Task objective: Go through the listing below and repeat it exactly, dropping the pictures.

Data:
....
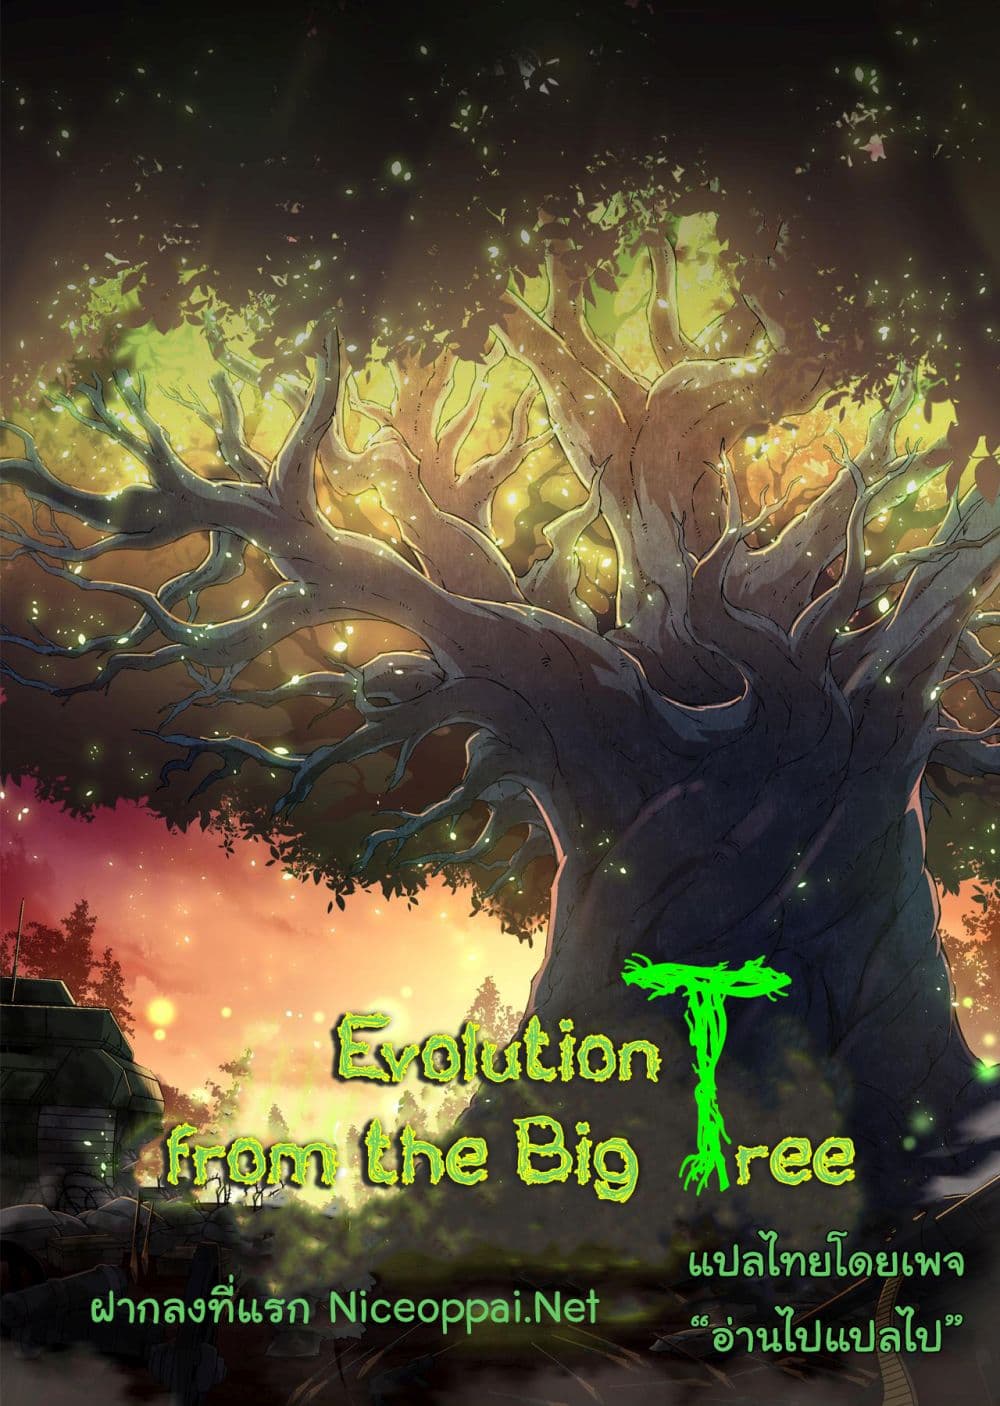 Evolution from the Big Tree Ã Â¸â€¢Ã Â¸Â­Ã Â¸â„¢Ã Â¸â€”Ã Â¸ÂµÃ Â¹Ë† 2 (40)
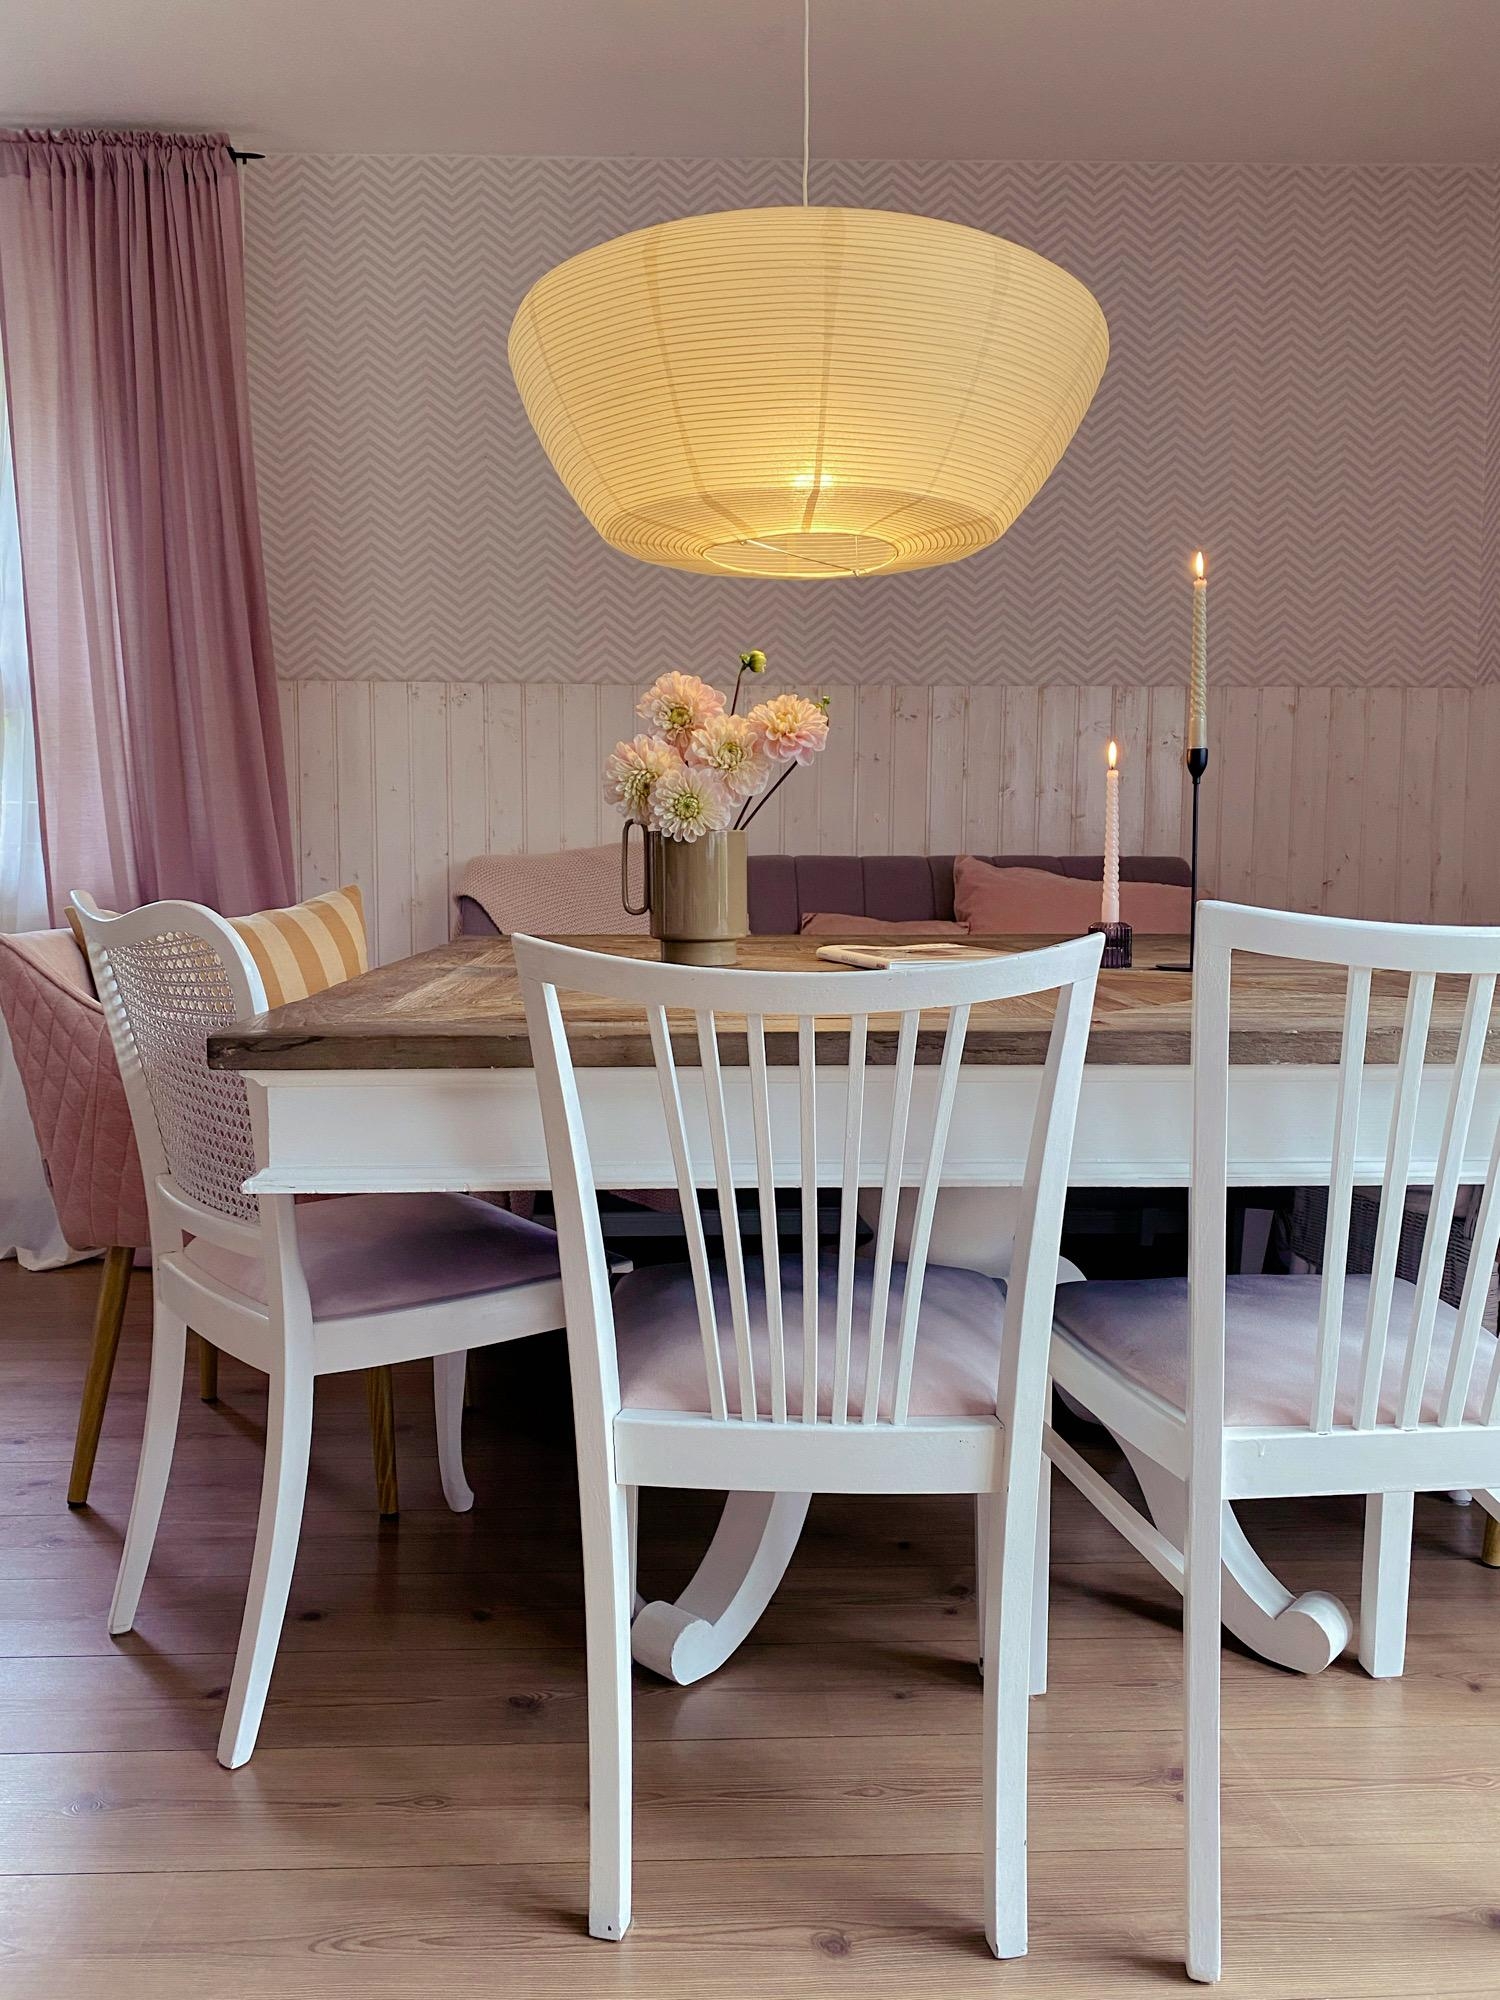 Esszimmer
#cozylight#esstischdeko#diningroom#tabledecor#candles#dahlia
....
Exercise output:
 Evolution from the Big Tree Ã Â¸â€¢Ã Â¸Â­Ã Â¸â„¢Ã Â¸â€”Ã Â¸ÂµÃ Â¹Ë† 2 (40)
 Esszimmer
#cozylight#esstischdeko#diningroom#tabledecor#candles#dahlia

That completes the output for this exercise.